In [1]:
!apt-get install openjdk-8-jdk-headless -qq > /dev/null

In [2]:
!wget -q http://archive.apache.org/dist/spark/spark-3.1.1/spark-3.1.1-bin-hadoop3.2.tgz

In [3]:
!tar xf spark-3.1.1-bin-hadoop3.2.tgz

In [4]:
!pip install -q findspark

In [5]:
import os
os.environ["JAVA_HOME"] = "/usr/lib/jvm/java-8-openjdk-amd64"
os.environ["SPARK_HOME"] = "/content/spark-3.1.1-bin-hadoop3.2"

In [6]:
!ls

sample_data  spark-3.1.1-bin-hadoop3.2	spark-3.1.1-bin-hadoop3.2.tgz


In [7]:
import findspark
findspark.init()

In [8]:
from pyspark.sql import SparkSession
import pyspark.sql.types as T
import pyspark.sql.functions as F
from pyspark.sql.functions import udf
from pyspark.sql.window import Window

import datetime

In [14]:
spark = SparkSession.builder.master("local[*]").\
                    config("spark.driver.bindAddress", "localhost").\
                    config("spark.ui.port", "4040").\
                    getOrCreate()
spark.conf.set("spark.sql.repl.eagerEval.enabled", True) # Property used to format output tables better
spark

In [15]:
#### creds info
url = ""
db_name = "public"
creds = {
    "user": "",
    "password": "",
    "driver": ""
}

#### function for connect to Postgres table
def get_table_conn(table_name):
    full_table_name = db_name + "." + table_name
    return spark.read.jdbc(url, \
                           full_table_name, \
                           properties = creds)

In [39]:
schema_web = T.StructType([
                T.StructField("id", T.StringType(), True),
                T.StructField("timestamp", T.LongType(), True),
                T.StructField("type", T.StringType(), True),
                T.StructField("page_id", T.IntegerType(), True),
                T.StructField("tag", T.StringType(), True),
                T.StructField("sign", T.BooleanType(), True)])

In [40]:
data_web =[(1, 1667627426, "visit", 101, 'Sport', False),
           (1, 1667627486, "move", 101, 'Sport', False),
           (1, 1667627500, "click", 101, 'Sport', False),
           (1, 1667627505, "visit", 102, 'Medicin', False),
           (1, 1667627565, "click", 102, 'Politics', False),
           (1, 1667627586, "move", 103, 'Sport', False),
           (2, 1667628001, "visit", 104, 'Politics', True),
           (2, 1667628101, "scroll", 104, 'Medicin', True),
           (2, 1667628151, "click", 104, 'Politics', True),
           (2, 1667628200, "visit", 105, 'Business', True),
           (2, 1667628226, "click", 105, 'Medicin', True),
           (2, 1667628317, "visit", 106, 'Medicin', True),
           (2, 1667628359, "move", 106, 'Business', True),
           (3, 1667628422, "visit", 101, 'Sport', False),
           (3, 1667628486, "scroll", 101, 'Sport', False),
           (4, 1667628505, "visit", 106, 'Business', False),
           (5, 1667628511, "move", 101, 'Sport', True),
           (5, 1667628901, "move", 101, 'Sport', True),
           (5, 1667628926, "visit", 102, 'Medicin', True),
           (5, 1667628976, "click", 102, 'Politics', True)]

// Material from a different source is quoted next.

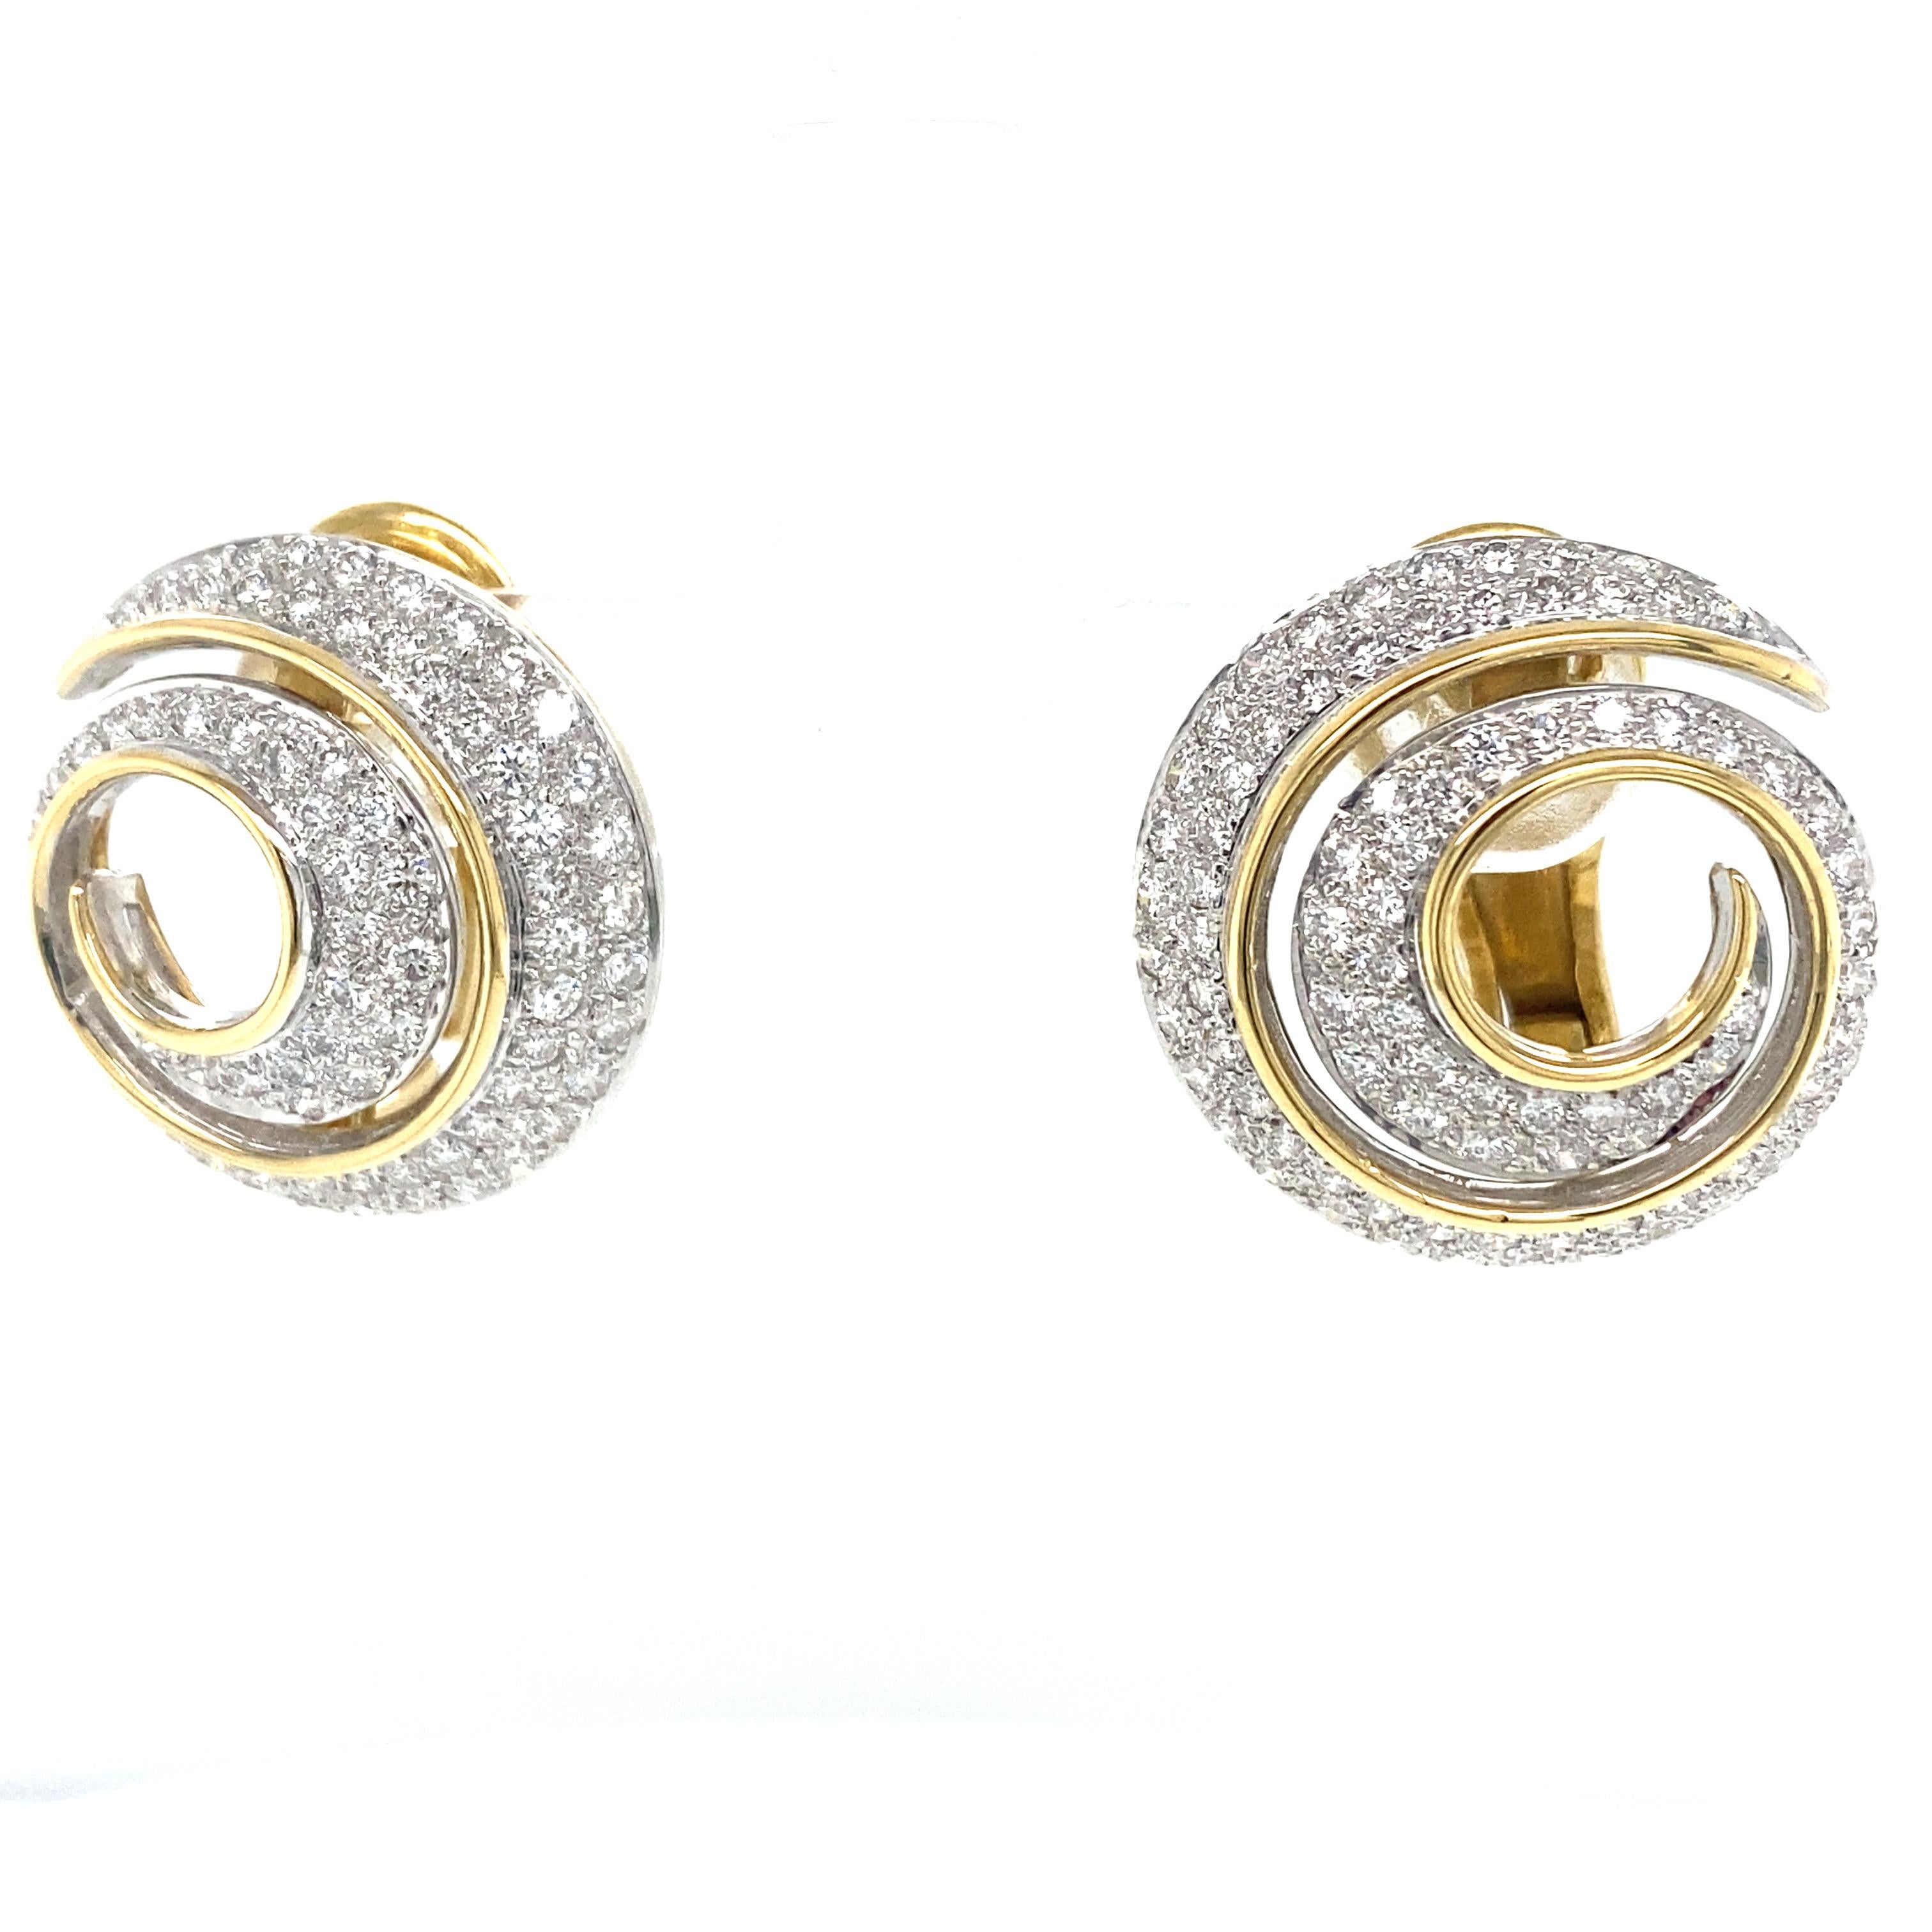 18k Yellow Gold and Platinum Handmade Diamond Swirl Button Earrings For Sale 2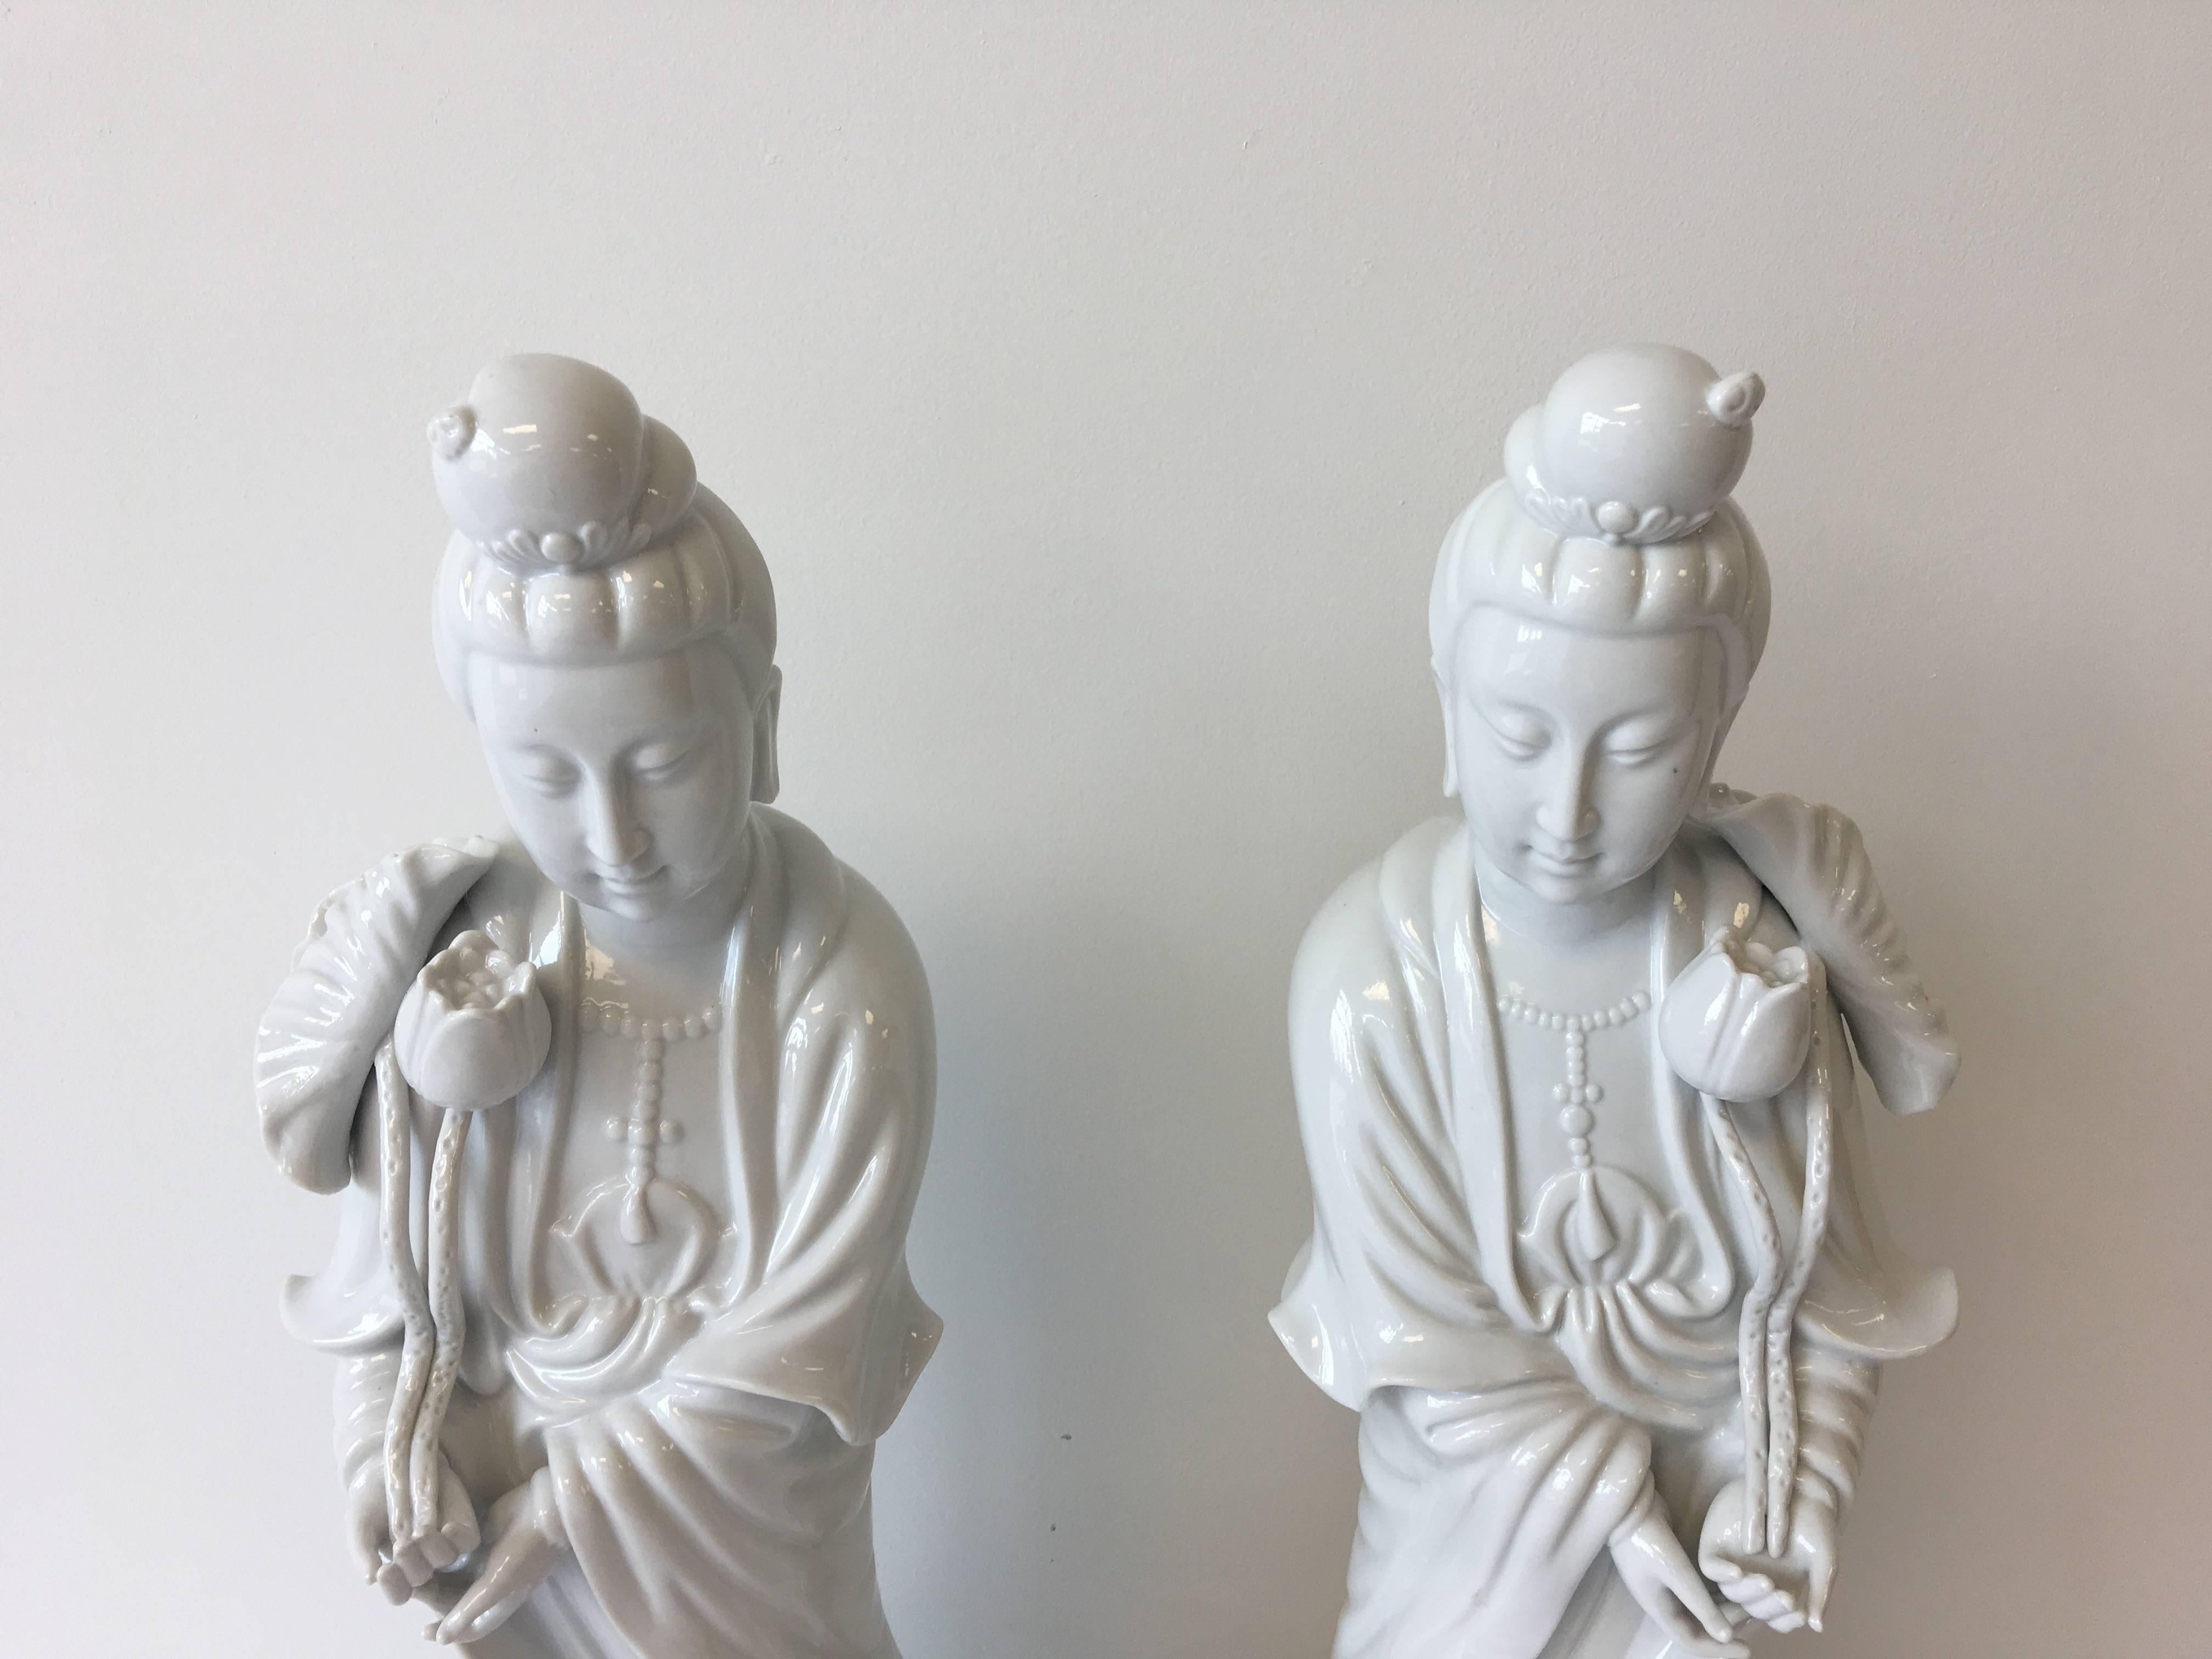 An absolutely stunning, pair of antique Blanc de Chine statues of Guan Yin. 20th century, circa 1960's. The Buddhist goddess of compassion, mercy, and kindness is truly embodied in these fabulous, pure-white porcelain pieces! They stand tall (24

df_web = spark.createDataFrame(data = data_web, schema = schema_web)

In [41]:
df_web.columns

['id', 'timestamp', 'type', 'page_id', 'tag', 'sign']

In [42]:
df_web.show(5,truncate=False)

+---+----------+-----+-------+--------+-----+
|id |timestamp |type |page_id|tag     |sign |
+---+----------+-----+-------+--------+-----+
|1  |1667627426|visit|101    |Sport   |false|
|1  |1667627486|move |101    |Sport   |false|
|1  |1667627500|click|101    |Sport   |false|
|1  |1667627505|visit|102    |Medicin |false|
|1  |1667627565|click|102    |Politics|false|
+---+----------+-----+-------+--------+-----+
only showing top 5 rows



**Вывести топ-5 самых активных посетителей сайта**

In [20]:
df_web.groupby("id")\
      .agg(F.count("*").alias("event_cnt"))\
      .orderBy("event_cnt", ascending = False)\
      .show()

+---+---------+
| id|event_cnt|
+---+---------+
|  2|        7|
|  1|        6|
|  5|        4|
|  3|        2|
|  4|        1|
+---+---------+



**Посчитать процент посетителей, у которых есть ЛК**

In [27]:
total_count = df_web.count()
df_web_sign = df_web.filter((F.col('sign')=='True')).count()
df_true_percent = df_web_sign*100/total_count


print("TOTAL RECORD COUNT: " + str(total_count))
print("RECORD TRUE: " + str(df_web_sign))
print("RECORD TRUE Percent: " + str(df_true_percent) + "%")

TOTAL RECORD COUNT: 20
RECORD TRUE: 11
RECORD TRUE Percent: 55.0%


**Вывести топ-5 страниц сайта по показателю общего кол-ва кликов на данной странице**

In [55]:
windowSpec  = Window.partitionBy("page_id")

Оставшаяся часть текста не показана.